» Data excerpt:
*****

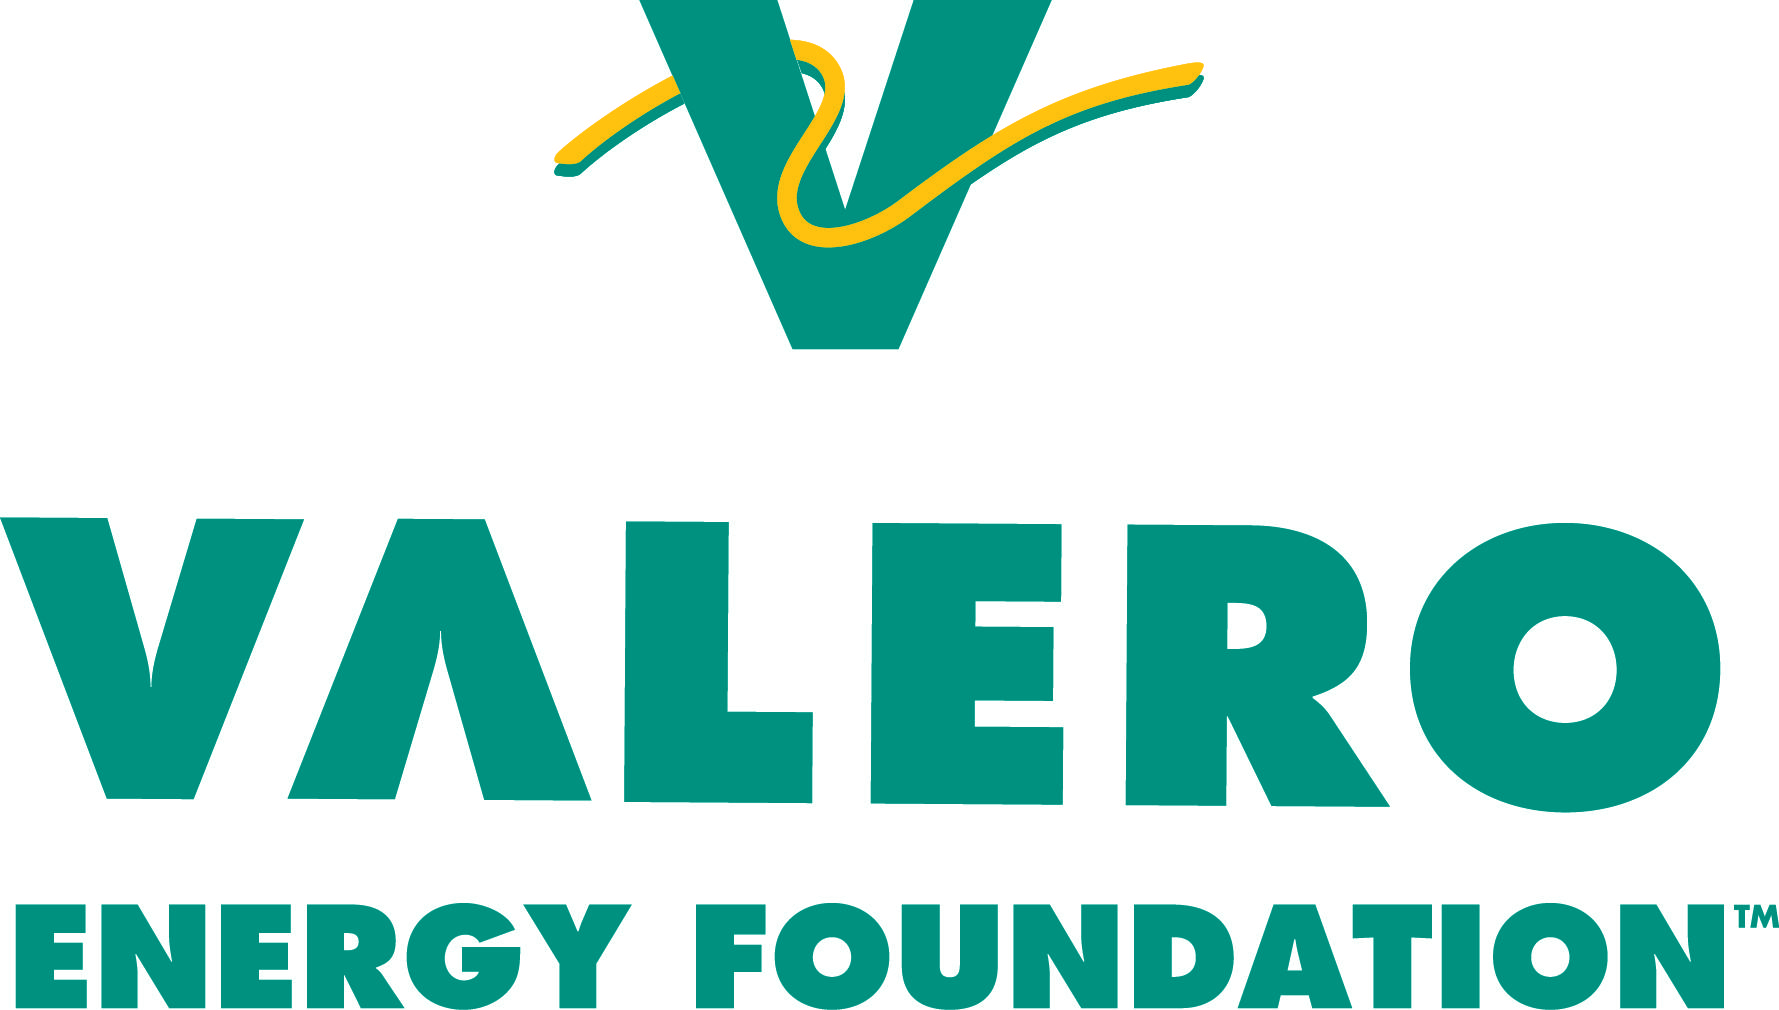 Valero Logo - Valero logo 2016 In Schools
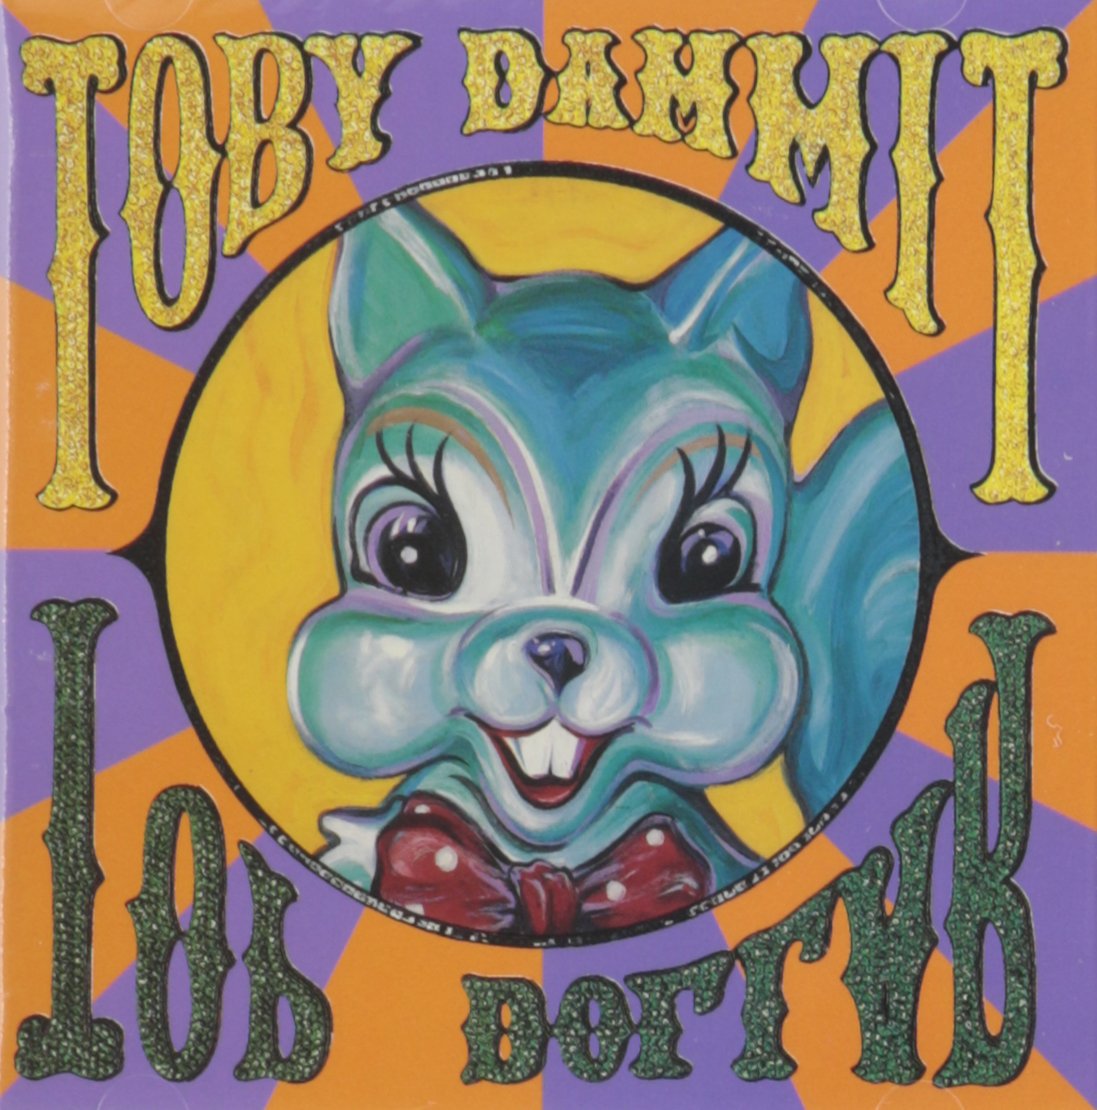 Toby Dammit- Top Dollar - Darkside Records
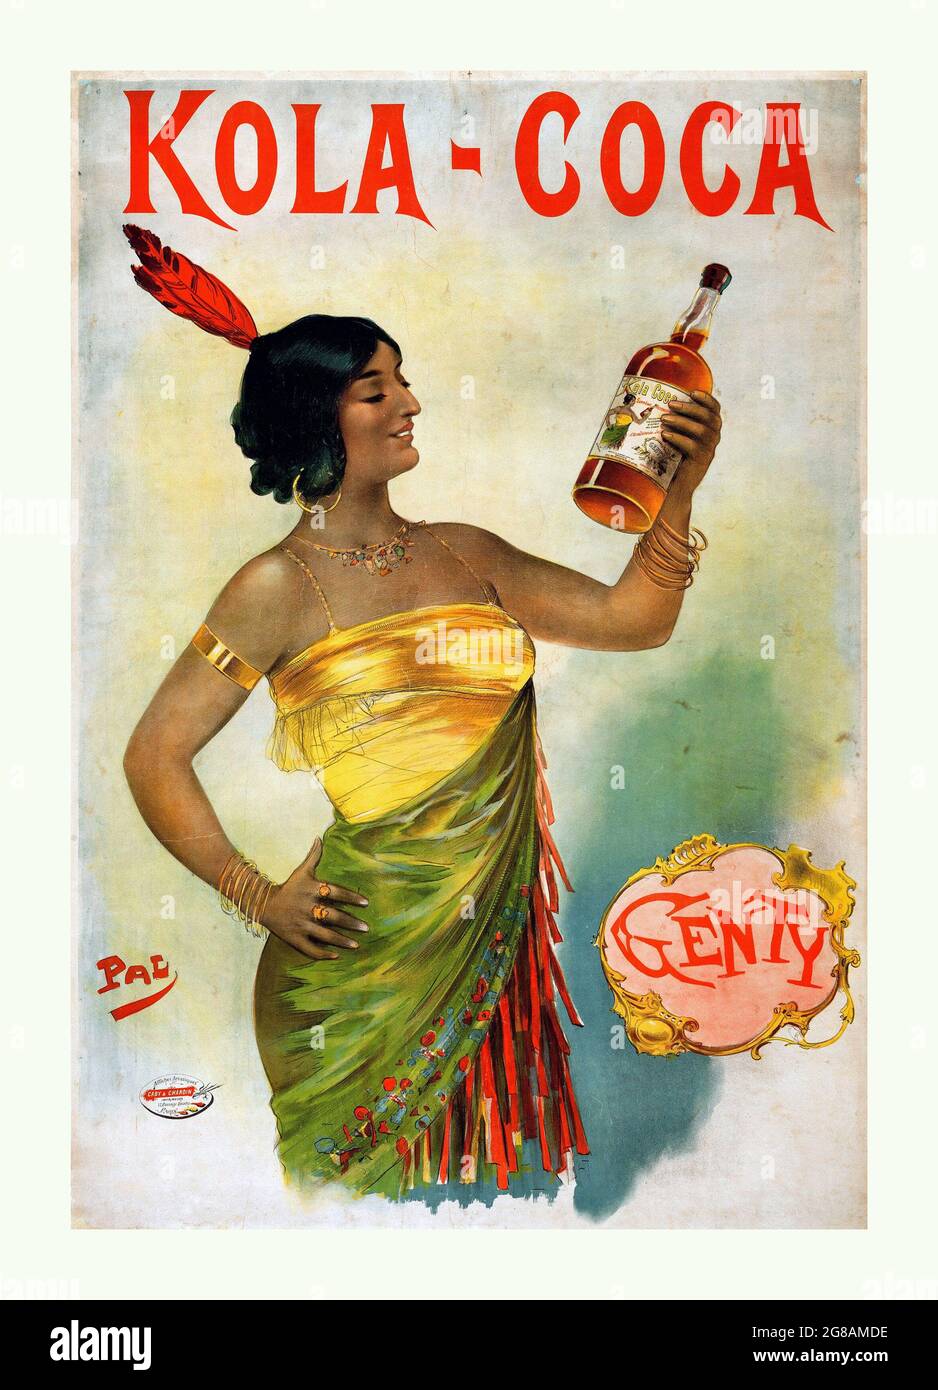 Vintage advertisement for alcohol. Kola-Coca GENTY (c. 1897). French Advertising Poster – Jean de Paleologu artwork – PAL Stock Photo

*****

» Your instructions: Return the listing above verbatim and exclude every picture.

» Reply to the exercise:
 Valero Logo - Valero logo 2016 In Schools
 Toby Dammit- Top Dollar - Darkside Records
 Vintage advertisement for alcohol. Kola-Coca GENTY (c. 1897). French Advertising Poster – Jean de Paleologu artwork – PAL Stock Photo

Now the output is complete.